Since then, however, it seems that Brian Krebs has been receiving plenty of reports of similarly well-informed scammers. Lucy Thompson, author of the ABA Data Breach and Encryption Handbook reported that a conversation with the real Dell helpline seemed to confirm that while there has still been no data breach notification from Dell, its legal team is working with the FBI on the issue and the company is apparently "…creating a platform so this will never happen again."

So, it's disappointing that a Dell spokesman told Krebs that there is "no indication that customer information used in the scams reported recently were obtained through an external attack" and sidestepped questions about the possibility of an insider breach.

However, the spokesman did refer to a warning page that links to a reporting form that specifically asks about "the phone number used to contact you, any information they know about your Dell system, and the name of any program they want you to download."

Unfortunately, it still seems that the question remains open as to how the scammers are getting contact information and support histories, even if it turns out that they acquired service tags through a known vulnerability in Dell computers, as suggested by Goodin.
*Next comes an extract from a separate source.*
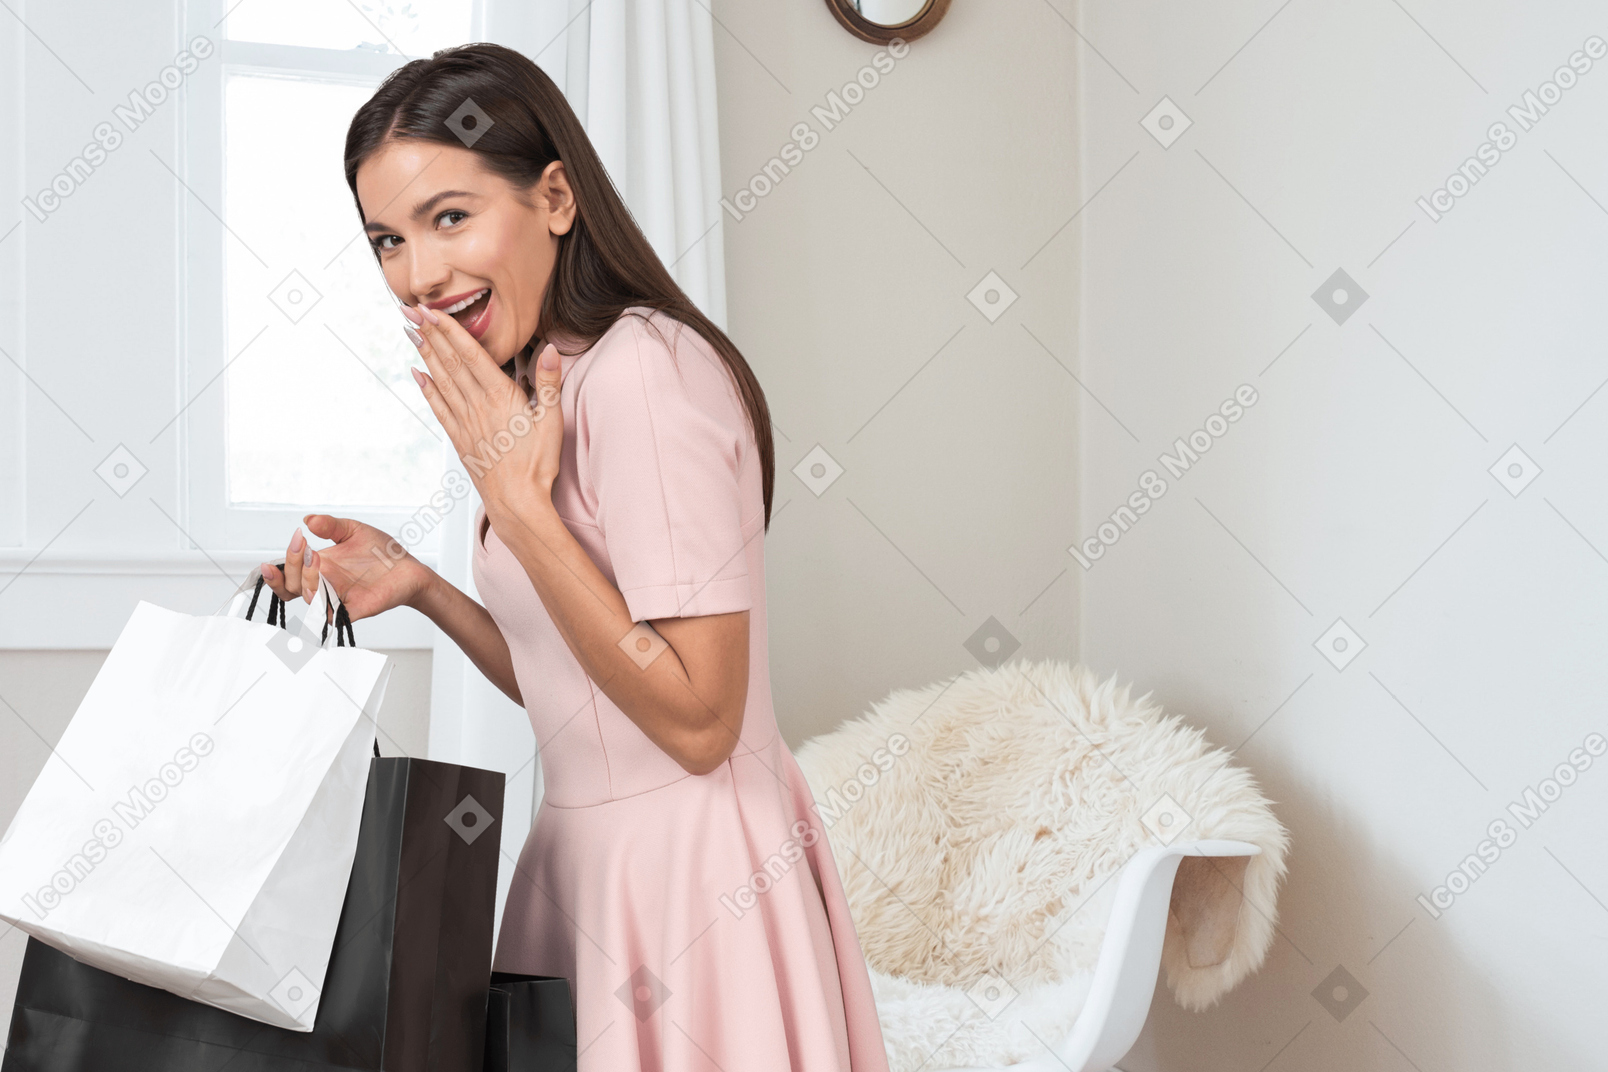 A woman in a pink dress holding shopping bags

Irrespective of whether there was a direct breach at Dell, it sounds very much as if customer data are out there in the hands of scammers, and the company isn't going to be able to get it back.

If I were a Dell customer, I certainly wouldn't accept that customer-specific knowledge of the type the scammers have acquired, by whatever means, validates their claims.

After all, there's still a credibility gap between having support history information and knowing something about alleged malware currently on the machine.

However, I'm not a Dell customer, and not everyone who is has the technical grasp that Krebs's correspondents seem to have. So perhaps it's time Dell at least made more effort to notify people using its products (and especially its support services) that scammers may have such data, and that possession of such data shouldn't be taken as some sort of validation of the bona fides of a cold-caller.